The state Department of Transportation has advised it will begin accepting bids to remove most of the X-Lite rails from state roads, especially in places where the speed limit is greater than 45 mph.

USA Today reported that the guardrail Hannah’s vehicle hit was supposed to collapse like a telescope when hit on the end; however, when speeds are higher than around 60 mph they don’t always work as expected. On the stretch of I-75 where Hannah died the speed limit was 70 mph.

About two months before Hannah’s fatal accident, the Virginia Department of Transportation had removed this model from its approved product list because an independent contractor had performed crash tests and they were concerned about the results.

This concern came to light after whistleblower Joshua Harman won a $663 million settlement against Trinity Industries, saying that, without prior approval from the Federal Highway Administration, the company altered its ET-Plus model terminal.

“It worked perfectly and they changed it for monetary reasons and now it’s killing people.

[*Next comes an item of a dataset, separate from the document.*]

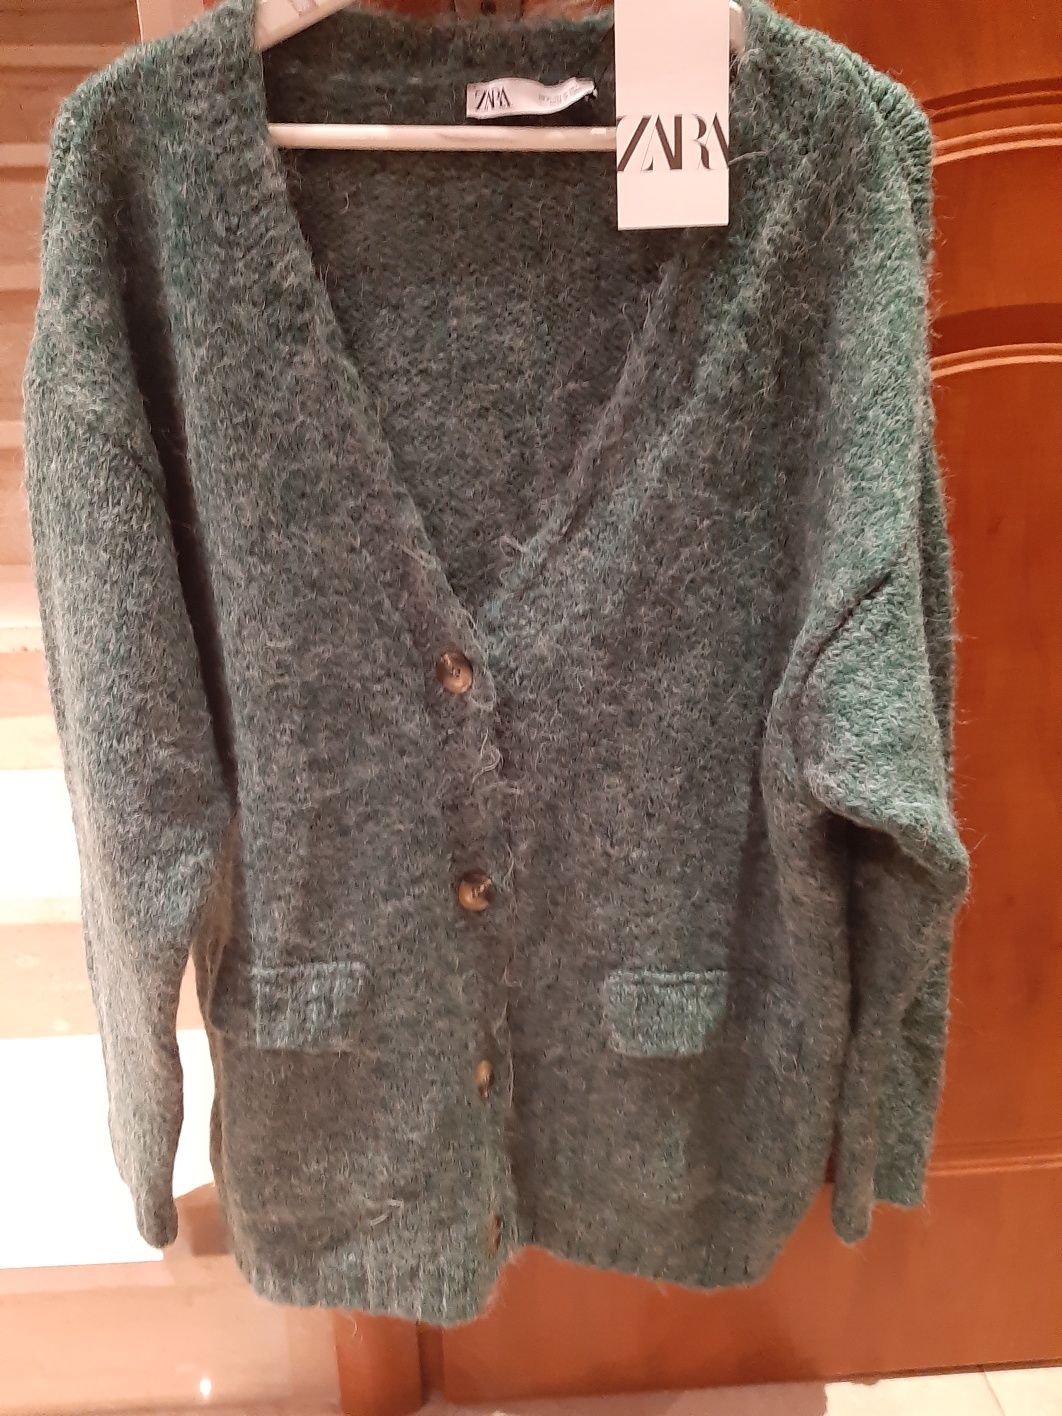 Sweterek zara XL zielono szary sweter damski tunika długi rozpinany tk

More than 20,000 ET-Plus end-caps remain on Tennessee roads — any number of which could be the more dangerous, altered model. I’ve got to be able to look the next mom or dad in the eye and say, ‘I tried to make some changes in the culture of TDOT. I tried to get some dangerous devices off the road.'”

Trinity Industries has since been involved in many lawsuits in which crash victims allege that the unauthorized changes caused vehicles to be speared by the guardrails, resulting in injuries and sometimes death.